Check all experiments ran until the 128th epoch:

In [4]:
for r in results:
    assert r[1]['epoch'] == 128

We are looking at the difference in using a standard weight decay of `5e-4` on all parameters, and what we're going to call **appropriate weight decay** which is when we scale the weight decay by the compression factor achieved in doing this low-rank approximation. The intuition being that if you have fewer parameters you should be more concerned about regularising them to zero.

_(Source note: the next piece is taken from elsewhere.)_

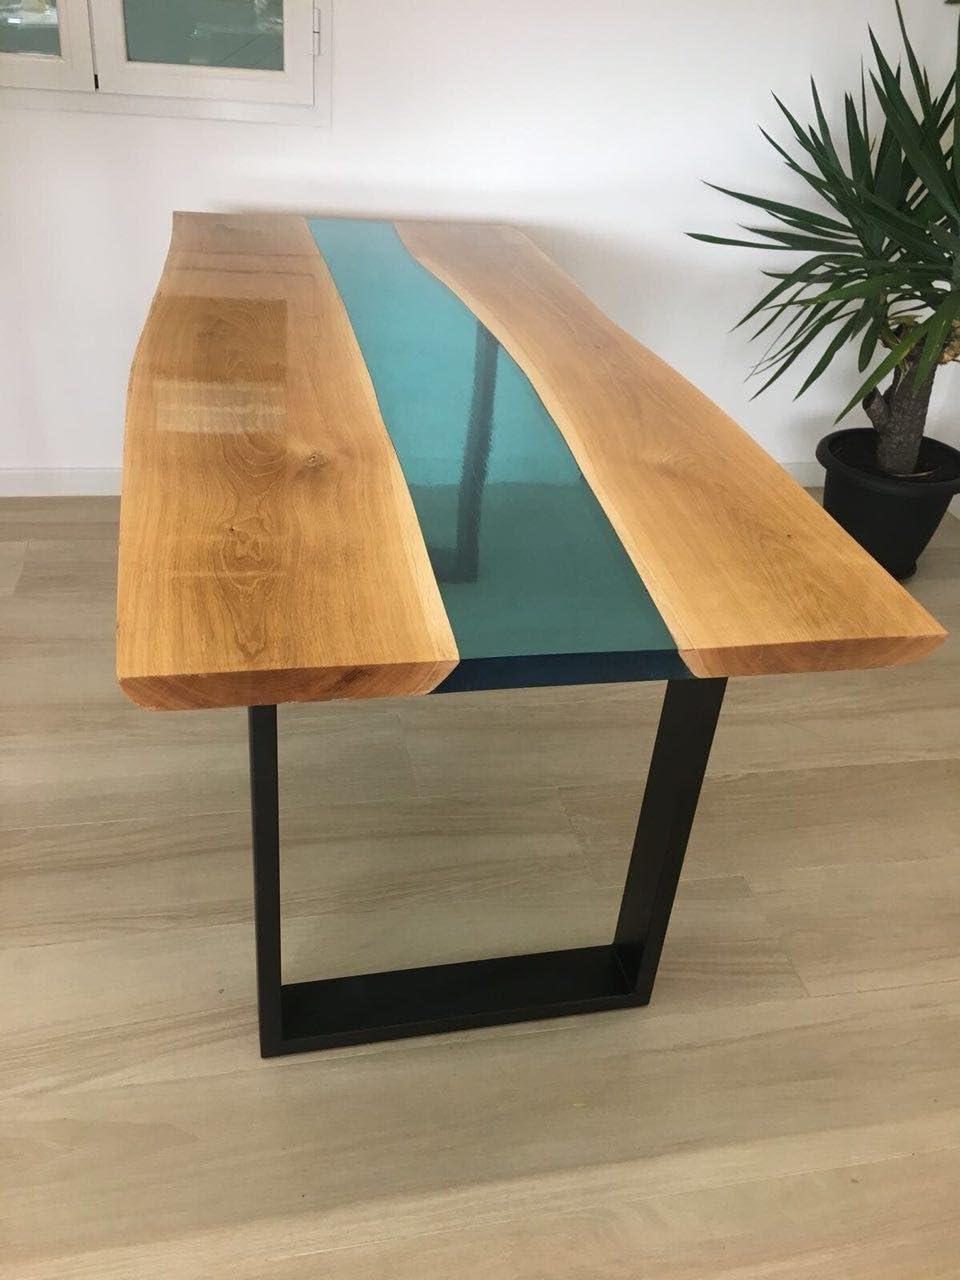 Table Bois Resine Epoxy Prix

So, for both types of weight decay, we're going to look at the relationship between `test_acc` and the `rankscale`, which is an arbitrary parameter that divides the rank of the low-rank approximations. The rank of low-rank approximations used scale with `1/rankscale`.

In [16]:
hm = hv.HoloMap(kdims=['Weight Decay'])
owd, awd = [], []
for r in results:
    if r[0]['d']:
        awd.append((r[0]['rankscale'], r[1]['test acc']))
    else:
        owd.append((r[0]['rankscale'], r[1]['test acc']))
owd = sorted(owd, key=lambda x: x[0])
awd = sorted(awd, key=lambda x: x[0])
hm['Original'] = hv.Curve(owd, kdims=['Rank Scale'], vdims=['Test Accuracy (%)'])
hm['Appropriate'] = hv.Curve(awd, kdims=['Rank Scale'], vdims=['Test Accuracy (%)'])

In [19]:
%output size=250
%opts Curve [aspect=2., show_grid=True]
hm.overlay('Weight Decay')

So, it is a little better.